Semantics of Analogy: Rereading Cajetan's De Nominum Analogia
Joshua P. Hochschild
University of Notre Dame Press, 2010
270 pp., 35.0
Mark Noll
Book Notes
Students of the Protestant Reformation may remember Cardinal Cajetan (Thomas de Vio Cajetan) as Martin Luther's key opponent during a crucial early phase of the reformer's public career. At a famous face-to-face confrontation at Augsburg in October 1518, Cajetan called Luther to account concerning the definition of merit, the nature of indulgences, and the authority of the pope in relationship to Scripture. When Luther was unyielding, Cajetan contributed the substance to a papal bull that, while correcting several abuses connected to indulgences, also stood fast in condemning much of Luther's teaching.
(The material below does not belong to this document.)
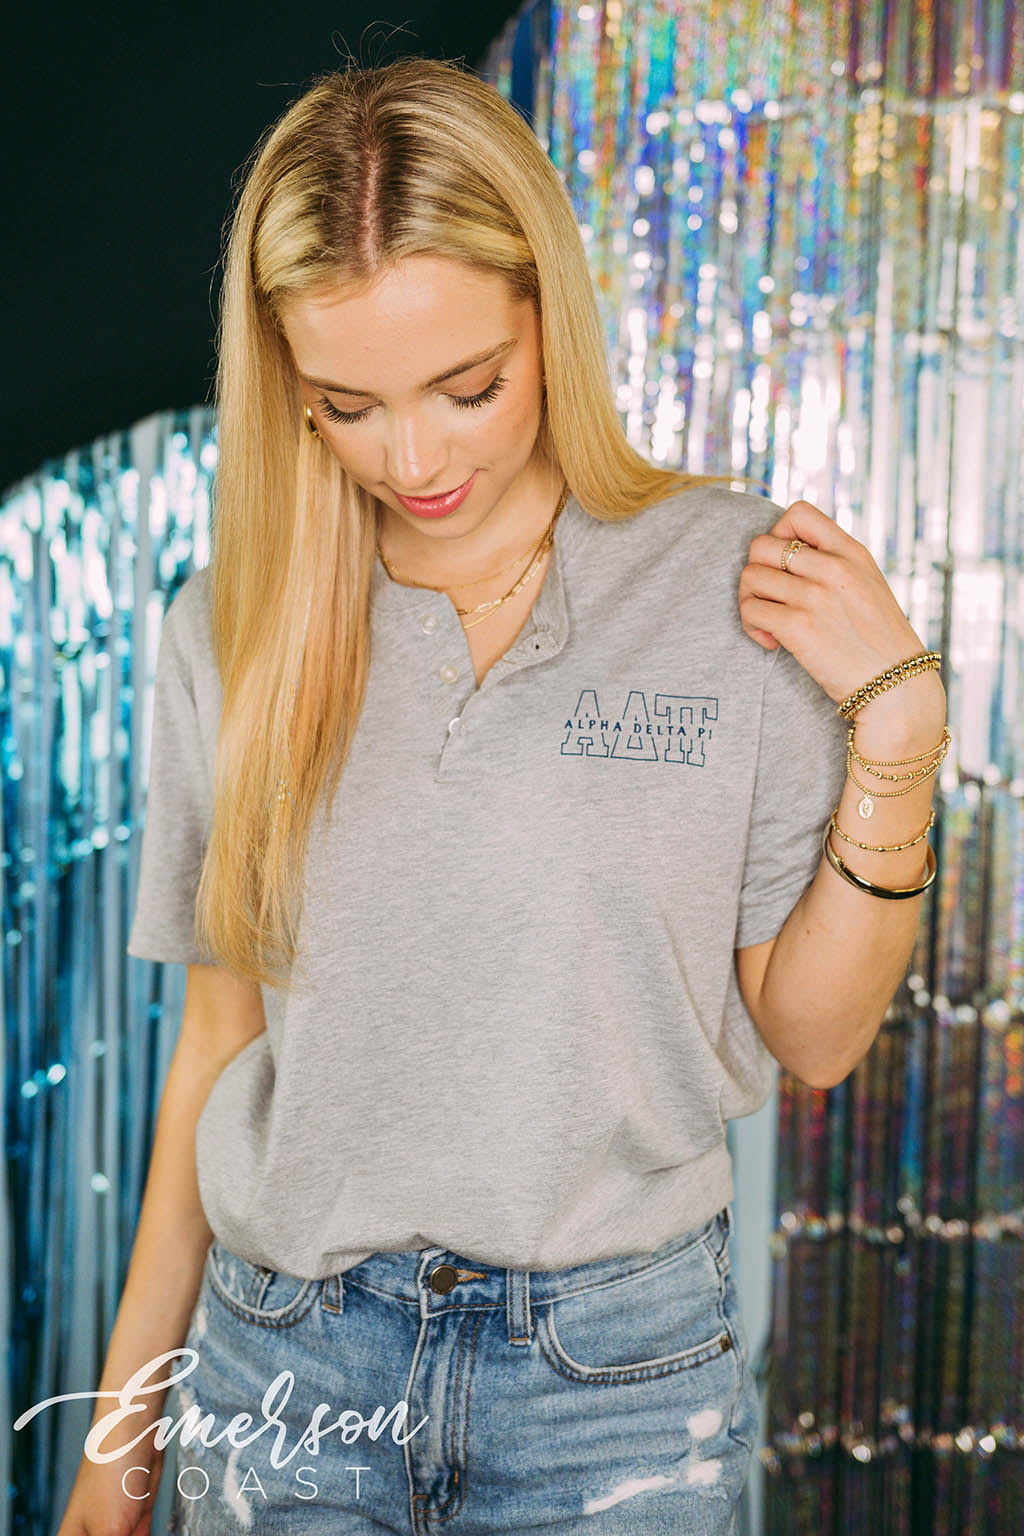 Girl wears light gray henley with ADPi letters on left chest.

Catholic scholars, by contrast, know Cajetan as an influential commenter on the works of Thomas Aquinas whose interpretations decisively influenced centuries of theologians in their approach to the 13th-century Dominican. In this book, however, Joshua Hochschild deals with a work of Cajetan's that he feels has been misinterpreted as simply part of Cajetan's work on Aquinas. That work was published in 1498 as De Nominum Analogia. Hochschild's argument is that, rather than only an extended footnote to what Aquinas had written about analogy, Cajetan was making his own arguments in responding to a challenge offered by Duns Scotus after Thomas passed from the scene. Scotus attacked Aquinas' reliance on analogy as a key way of reasoning about the relationship between divinity and humanity (and about much else). Thomas had defined analogy as mediating between univocation (clear naming of a real thing) and equivocation (irremediably ambiguous speaking about a thing). Cajetan's response, and according to Hochschild his advance beyond Aquinas, was to define proportion as a way of preserving the foundational usefulness of analogical reasoning. In making this case, Hochschild wades through high philosophical waters involving "simple apprehension, complex judgment, and discursive reasoning … the distinction between perfect and imperfect concepts; abstraction and 'confusion'; predication and nonunivocal universality; definition, and the significations of relations … analogy in discursive reasoning and the avoidance of fallacy." If readers can keep their heads about the floodtide, Hochschild's argument will sound convincing.
But could any of this be important beyond the philosophers' den? Maybe so. One of the most important contributions to modern ecumenical discussion was theologian David Tracy's division of the western Christian world into a camp comfortable with analogy (the Catholics) and a camp prone to what he called dialectical thinking (where the push is to define things always as either black or white with nothing more to say). To the extent Tracy was right, then Joshua Hochschild's careful analysis of Cajetan's recondite defense of analogy late in the 15th century may yet once again challenge Protestants to become more self-conscious about how they speak about God, themselves, and the world in the early 21st century.
Mark Noll is Francis A. McAnaney Professor of History at the University of Notre Dame. He is the author most recently of The New Shape of World Christianity: How American Experience Reflects Global Faith (InterVarsity Press).